Online simulator for training drone operators
The Rosseti company presented a case that proposes to develop an online simulator system for training an operator of unmanned aerial vehicles. The hackers had to develop a prototype of such a system and a methodology for evaluating a specialist after he had been trained.
The AVM team has come up with a solution that will not only train UAV operators with theory, quizzes, and a VR simulator, but will also include an AI-based recommender system to tailor the learning path for the student individually, and automatically compose exam materials for the teacher .
Tracking garbage and accidents from city cameras
The Ministry of Digital Development, together with the authorities of the Republic of Tatarstan, offered the participants of the competition to create a service that will track garbage on the roads and the fullness of garbage cans according to data from city street video surveillance cameras. The system should have built-in IP cameras that are installed in the region as part of the “Safe City” concept.
The real-time solution must analyze the video streams or images from these cameras and then notify the appropriate services.
The Power Rangers DS team proposed a smart city system that will analyze video streams from city cameras, including five blocks: Clean Yard (waste management), Road Worker (road work management) TEPLO-MAPS (pedestrian traffic analysis ), “Parking” (fixation of violations of parking rules) and “SAFETY Park” (identification of violations of law and order). To use the system, it will be enough to connect any camera via IP and select the tool of interest.
Members of the UNI team have developed a platform for public utilities and residents, where users can mark a point on the map, describe the situation and send an appeal to public utilities, find out about the availability of parking spaces in the yard, and monitor the work of housing and communal services. The system is based on neural networks that analyze streaming information from cameras.

Create video recommendations
invited hackathon participants to develop a solution for converting video to text in the Xavier recommender system. The system provides each reader with personalized news, as well as video recommendations on websites and applications. The solution should improve the quality of selection of relevant content.
The Know What They Do team used existing machine learning models, including a solution from Nvidia. The system developed by the hackathoners, after loading a video into it, using one neural network, transcribes the text, extracts names and titles from it, and with the help of the second one, it determines and recognizes the text in the picture. As a result, the user receives more accurate recommendations for the selected tags, including even fragments of not completely relevant videos.
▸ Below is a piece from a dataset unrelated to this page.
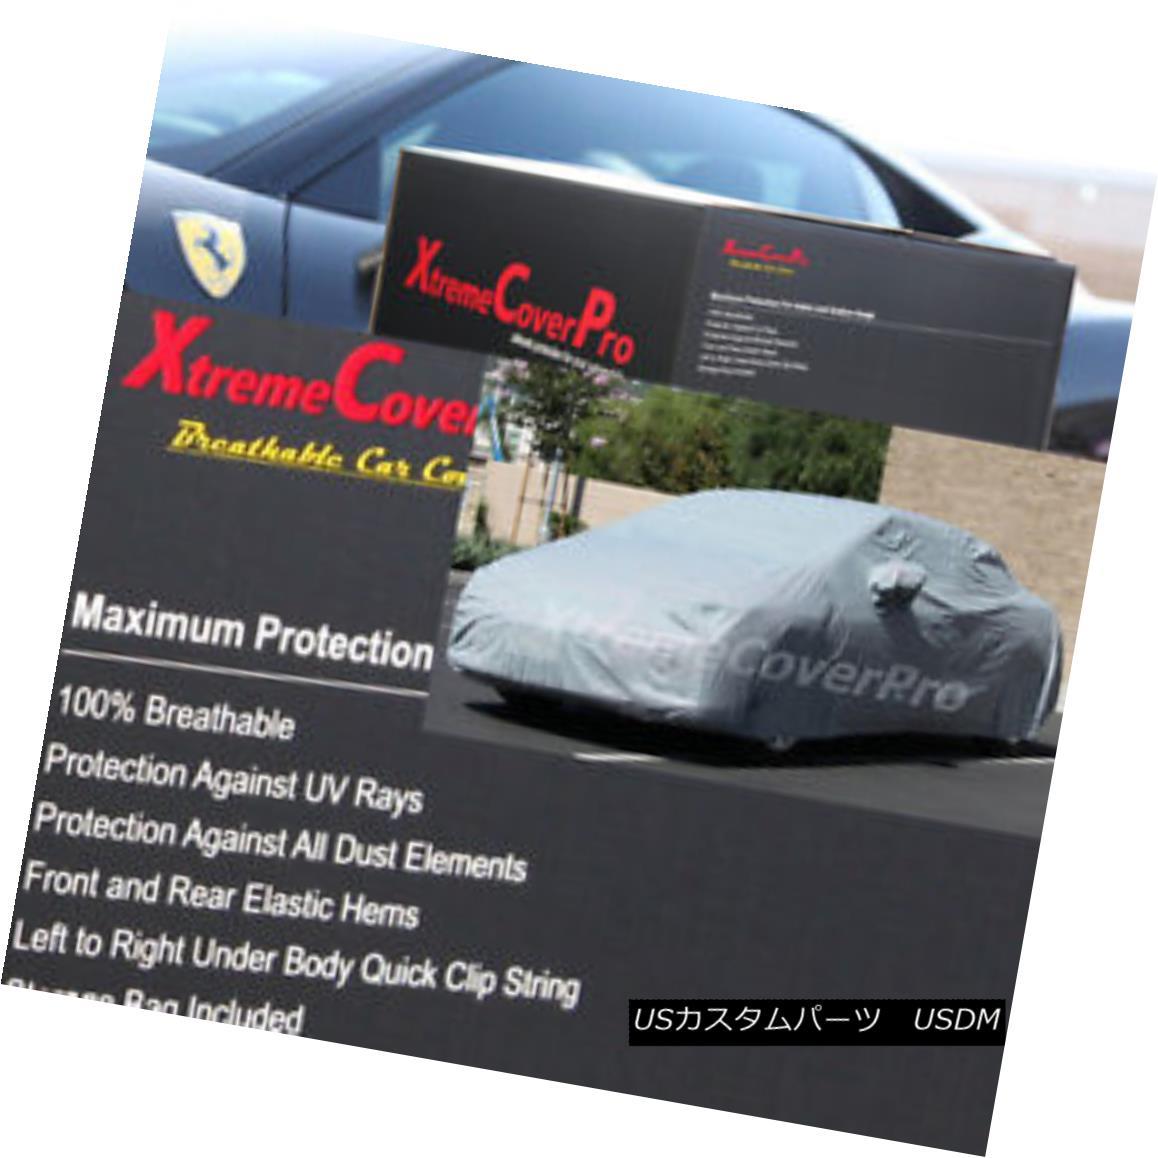 カーカバー 2013 Mitsubishi Lancer Breathable Car Cover w/MirrorPocket 2013年三菱ランサー通気性車カバー付きMirrorPocket

The HackTheHack team introduced a video information extraction module with speech-to-text mechanisms that corrects anglicisms, detects objects in the video, and looks for matches by names and titles. This system can be extended by adding new data. The hackathon participants used, among other things, the Russian-language GPT text generation model from Sberbank. The system also takes into account the emotional coloring of words. The developers noted that in the future it can be scaled by analyzing voices on video.